Supplementary Information. Section 30.416 provides that the amount of insurance cost to be assigned to a cost accounting period is the projected average loss (PAL) for that period plus insurance administration expense in that period. The PAL is either the insurance premium, where the risk of loss is covered by the purchase of insurance, or a self-insurance charge, where the exposure to risk is not covered by the purchase of insurance. Where it is probable that the actual amount of losses will not differ significantly from the PAL, the actual amount of losses may be considered to represent the PAL for the period as the self-insurance charge.

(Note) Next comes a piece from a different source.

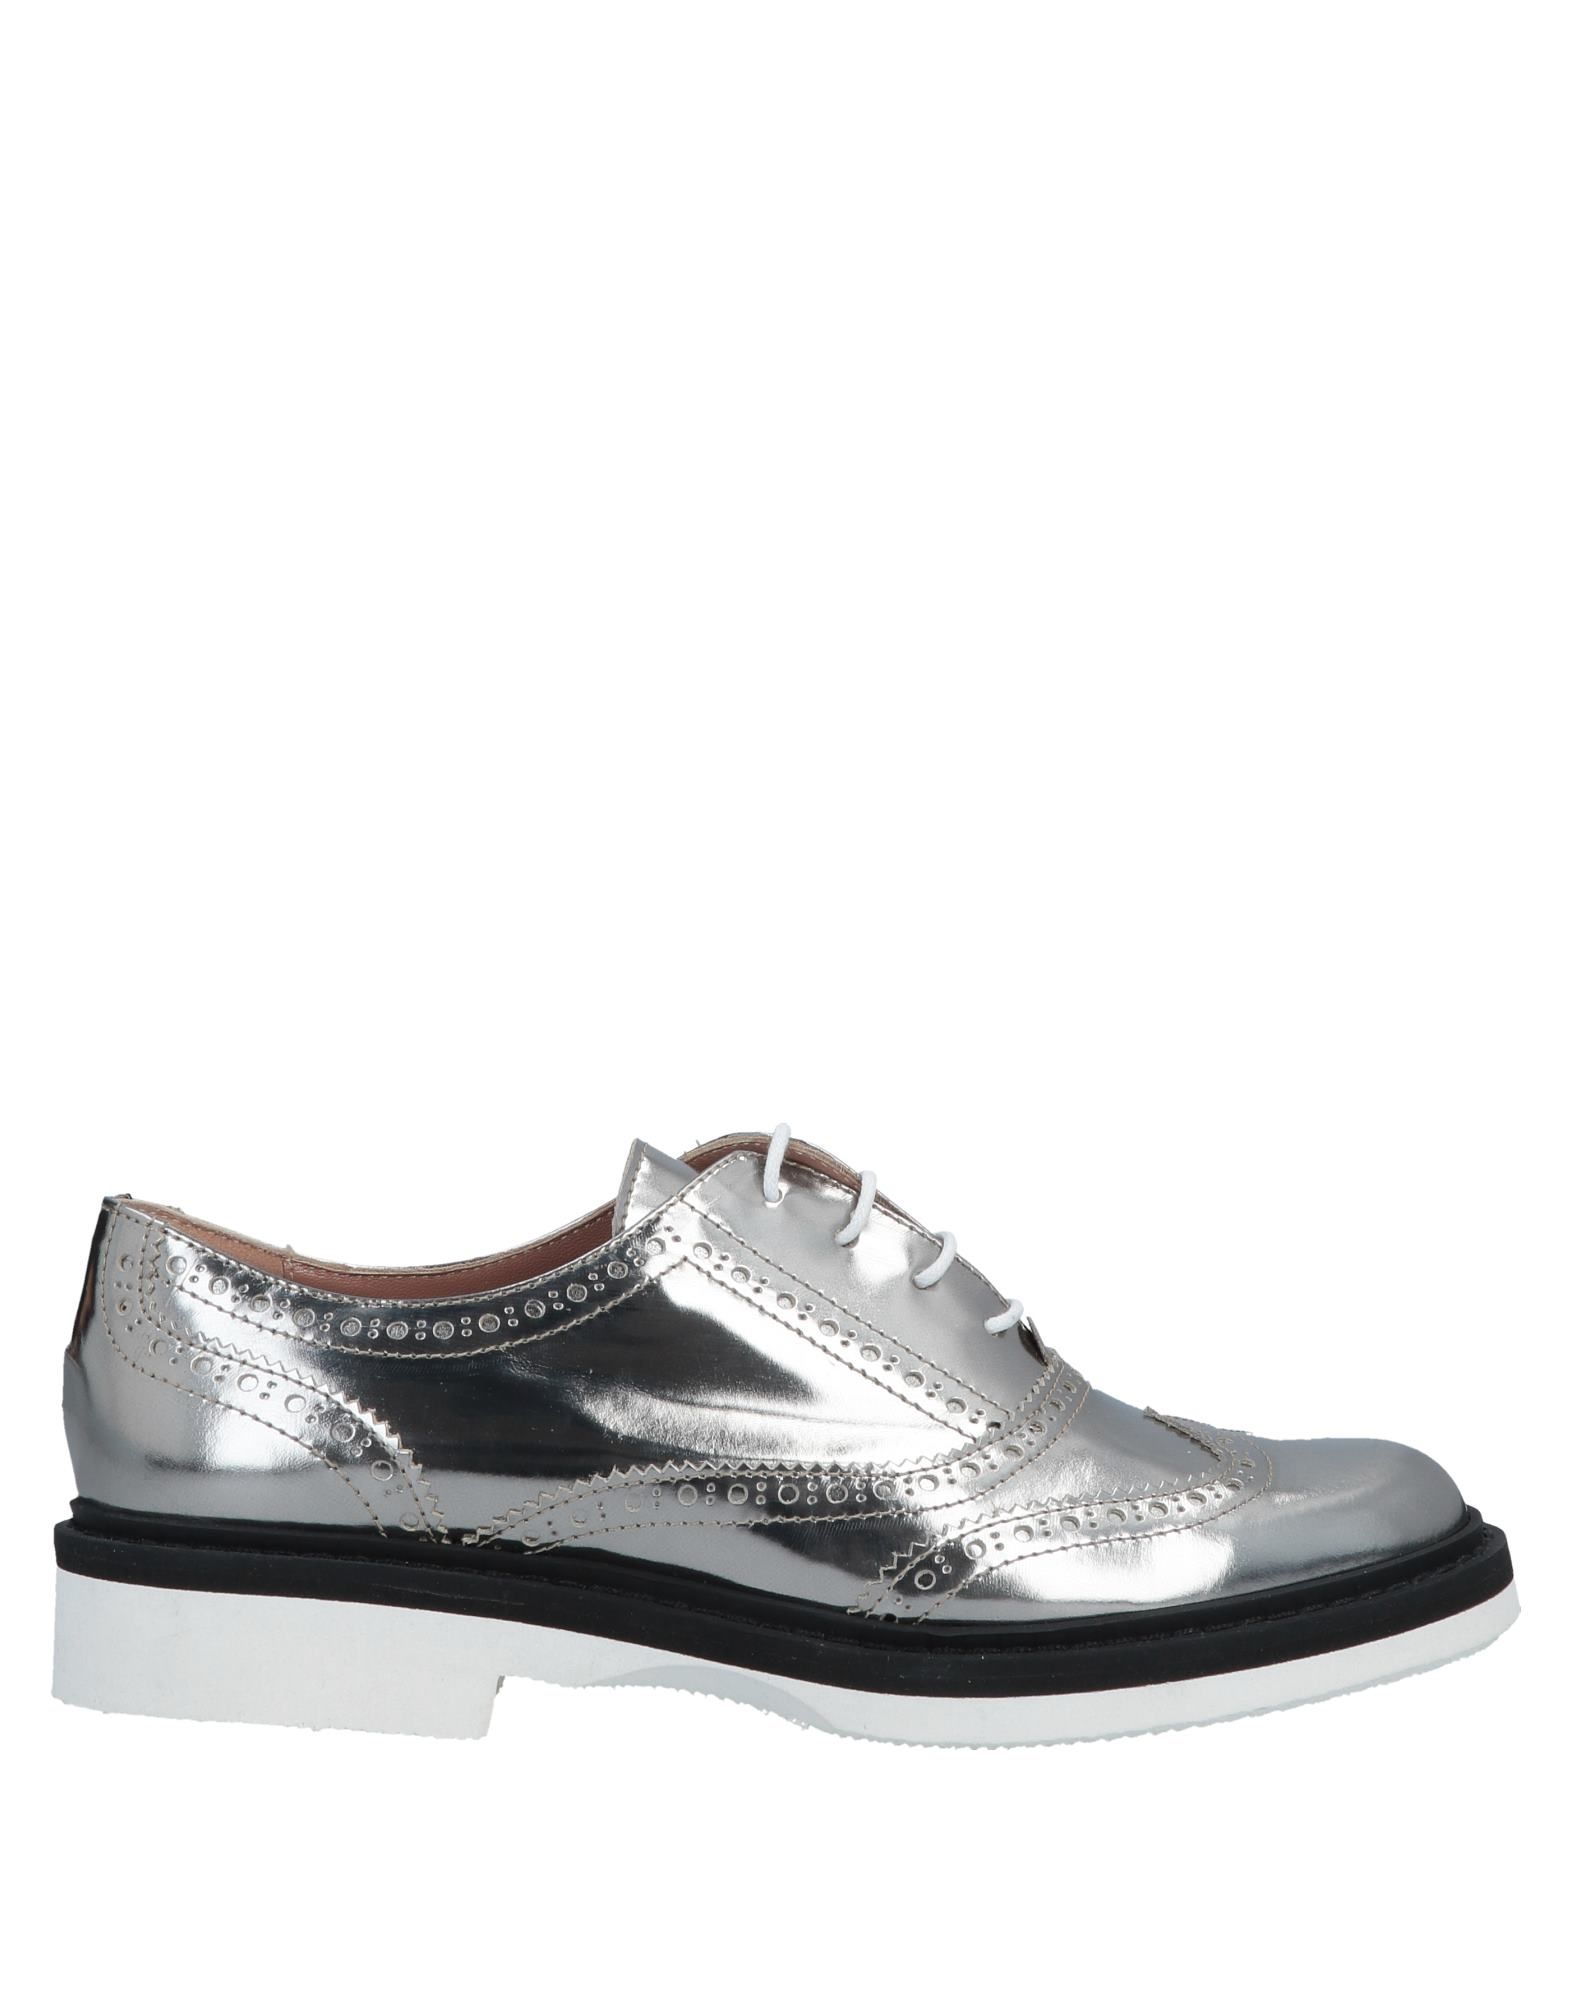 Фото - ALIYAH Обувь на шнурках обувь на высокой платформе dkny

In self-insurance, when the actual amount of losses is being used to represent the PAL, contractors are to discount those losses to present value, where payments to the claimant will not take place for over a year after the loss occurs. If a state provides a discount rate for computing lump-sum settlements, 30.416 requires that the state rate be used for computing present value. Otherwise, the Pub.L.92-41 Treasury rate is to be used. The differing rates specified by the states, and the lack of specified rates in some states, result in inconsistent treatment of self-insurance charges on defense contracts.

The purpose of requiring a present value computation for contract cost accounting purposes is to recognize the time value of money for funds advanced to and used by the contractor for extended periods before being disbursed. The Pub.L.92-41 Treasury rate is generally specified for this purpose. The majority of state laws covering worker’s compensation insurance specify a rate in the range of 3-6percent. The use of a low rate results in a larger settlement than would use of a current money market rate. The purpose of low state rates is to discourage lump-sum settlements. This purpose is unrelated to that of fair valuation for contract cost accounting purposes. The use of state rates may produce inaccurate measures of present values and will most certainly create inconsistencies in the pricing of contracts due to the lack of consistent determinations of present values. Consequently, the proposed rule, published in the Federal Register on July 8,1986 (51FR24788), deleted the reference to state discount rates at 30.416-50(a)(3)(ii) and required use of the Pub.L.92-41 Treasury rate in all cases.

Four comments were received in response to the proposed rule. None of the comments directly challenged the appropriateness of the proposed revision. Therefore, no changes were made to the proposed rule as a result of the public comments.